Early life and education
Bedford was born in Western Australia of the Djaru and Gija people on her father's side and Irish and English on her mother's. She grew in Geraldton in the Pilbara region, and has strong family links in the East Kimberley region. An only child, she grew up with lots of cousins around her. She wanted to be a screenwriter from when she was a teenager, being a great fan of Buffy the Vampire Slayer, and credits storytelling with "saving her life". Her maternal grandmother, Valda Osborn, who loved Tolkien and Charles Dickens was also a great influence in her choice of writing as a career.

She earned a Bachelor of Communications at the University of Western Australia in 2007, taking courses in English, history, linguistics and communications. She moved to the East Kimberley afterwards to stay with her paternal grandmother there. It was a chance meeting with a video journalist from SBS at Halls Creek that led to her moving to Sydney to work in journalism.

She later (after 2013) gained a master's degree in creative writing from the University of Technology Sydney (UTS).

Career
Bedford lived in Redfern, Sydney, while working as a cadet journalist for SBS Television in 2008, which included working on Living Black. She then worked for ABC Television as a researcher for Message Stick, a documentary series focusing on Aboriginal issues. She spent some time shadowing Sally Riley, as head of Indigenous at the ABC, working on Redfern Now in 2012 to 2013, which led to her going to UTS to earn her Master's in Creative Writing.
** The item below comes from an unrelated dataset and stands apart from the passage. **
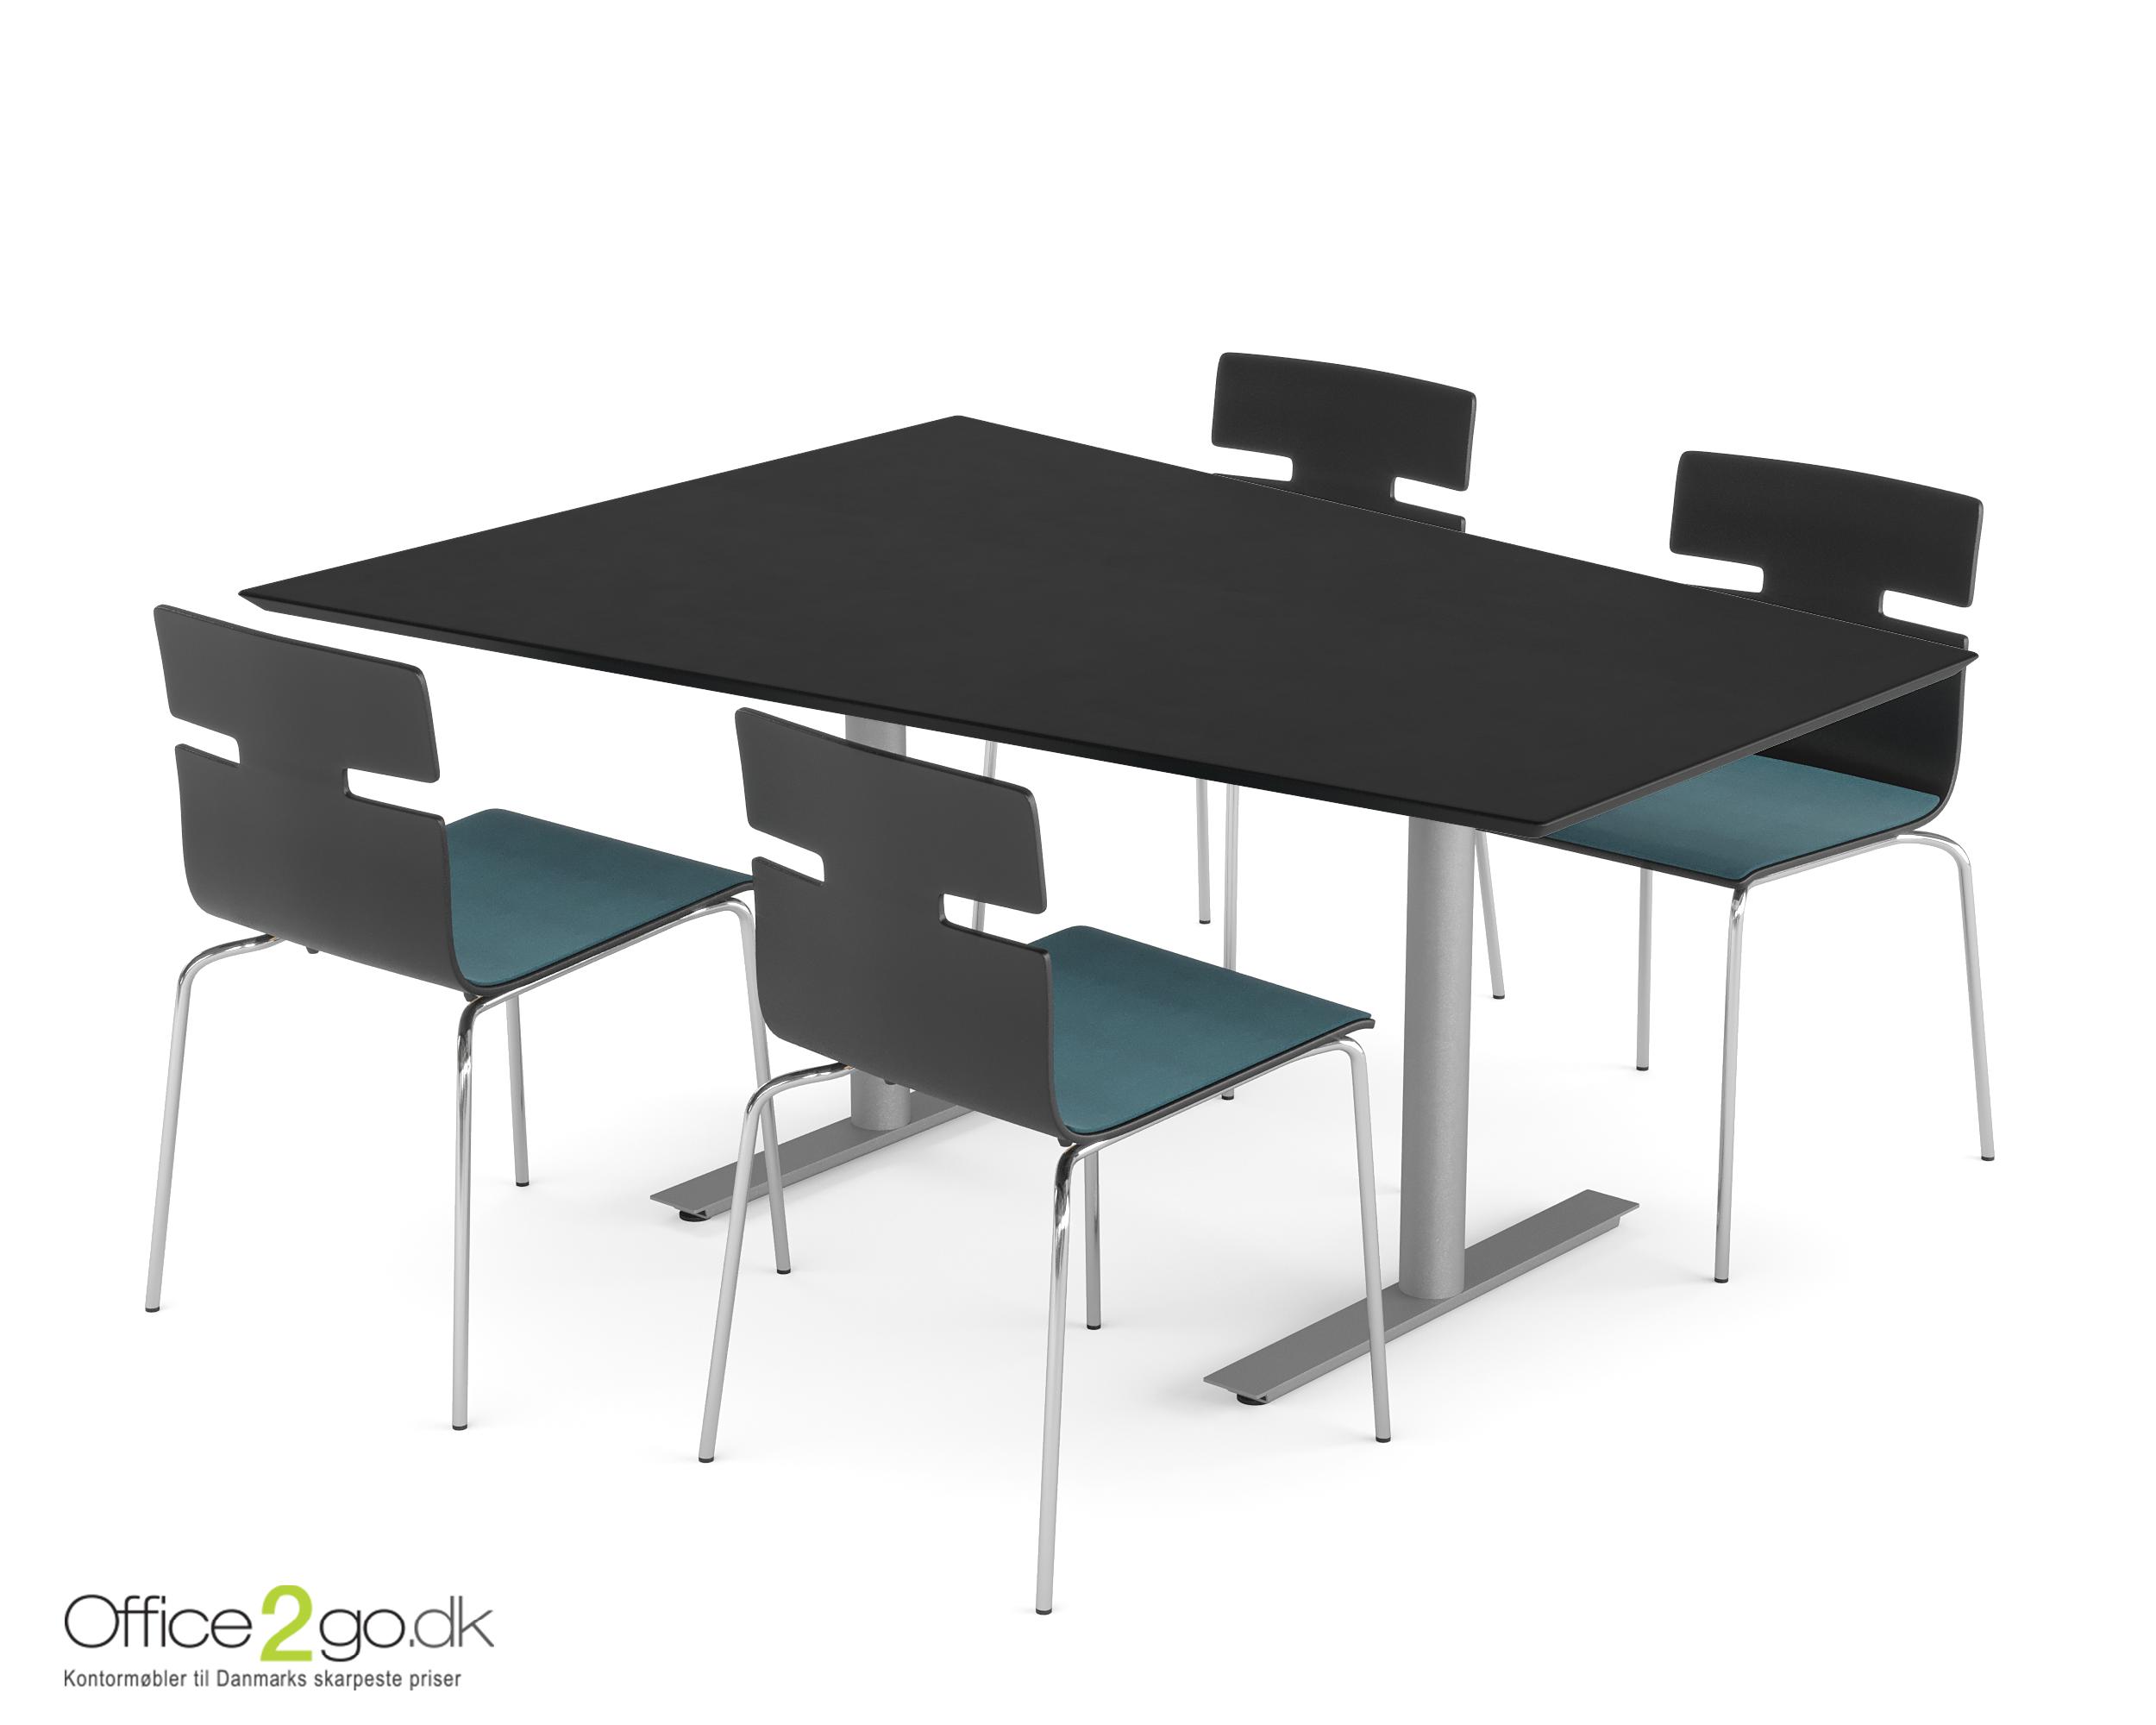 Inline Media mødebord - 4 personer - 160 cm.

Since leaving the ABC in 2015 she has worked as a freelance writer. She was given her "big break" in being invited to join the writing team for Bunya Productions' 2018 TV series Mystery Road as a note-taker, at the suggestion of Penny Smallacombe, head of Indigenous at Screen Australia. After one of the writers left, producer Greer Simpkin and head writer Michaeley O'Brien invited her to join the writing team. Bedford is inspired by Rachel Perkins, and wants to write stories about Western Australia.

Her debut film as a director was the short horror film "Scout", which was released in 2019 as part of the horror anthology Dark Place.
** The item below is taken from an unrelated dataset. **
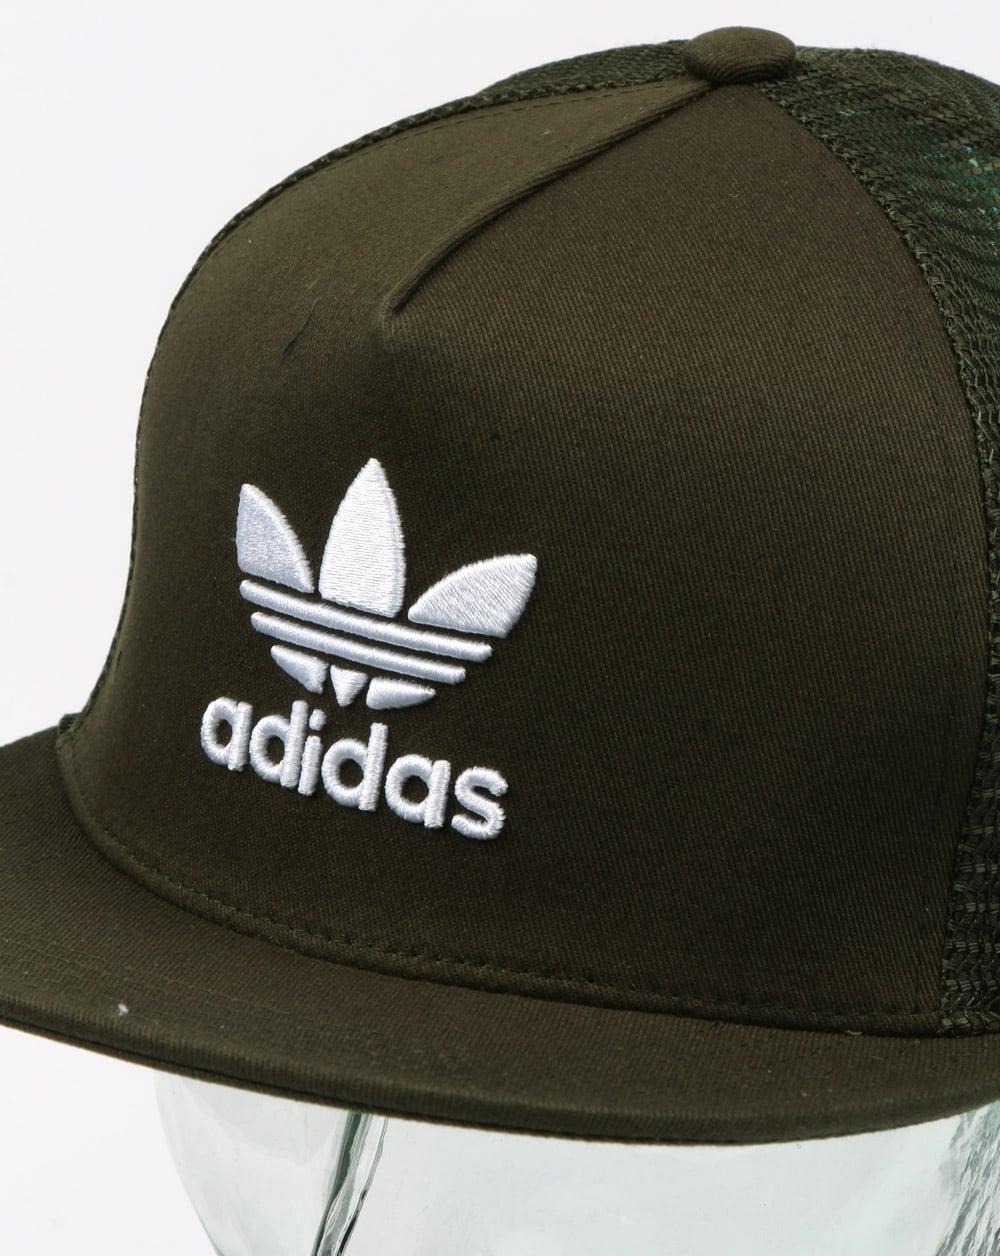 9f6f9bea Adidas Originals Trefoil Trucker Cap Night Cargo, Mens, Hat,Adjustable

In 2019, Bedford won a Balnaves Fellowship to develop her own play with Belvoir Theatre, Cursed!, which was inspired by her family gathering in Geraldton when her grandmother (Valda Osborn) was dying. The black comedy was staged in the 2020 season, directed by Jason Klarwein. It was praised by critics and went on to win an AWGIE Award.

In 2021 she became the second writer on the ABC comedy series All My Friends Are Racist, created by Enoch Mailangi and directed by her partner Bjorn Stewart. She was also script producer and co-executive producer on the series. She said that it "was one of those rare experiences where the creative team, crew, producers and executives were all on the same page". The five-part series premiered on  ABC iview on 24 August 2021. It stars Davey Thompson, Tuuli Narkle, Leah Purcell, and Lisa Kay.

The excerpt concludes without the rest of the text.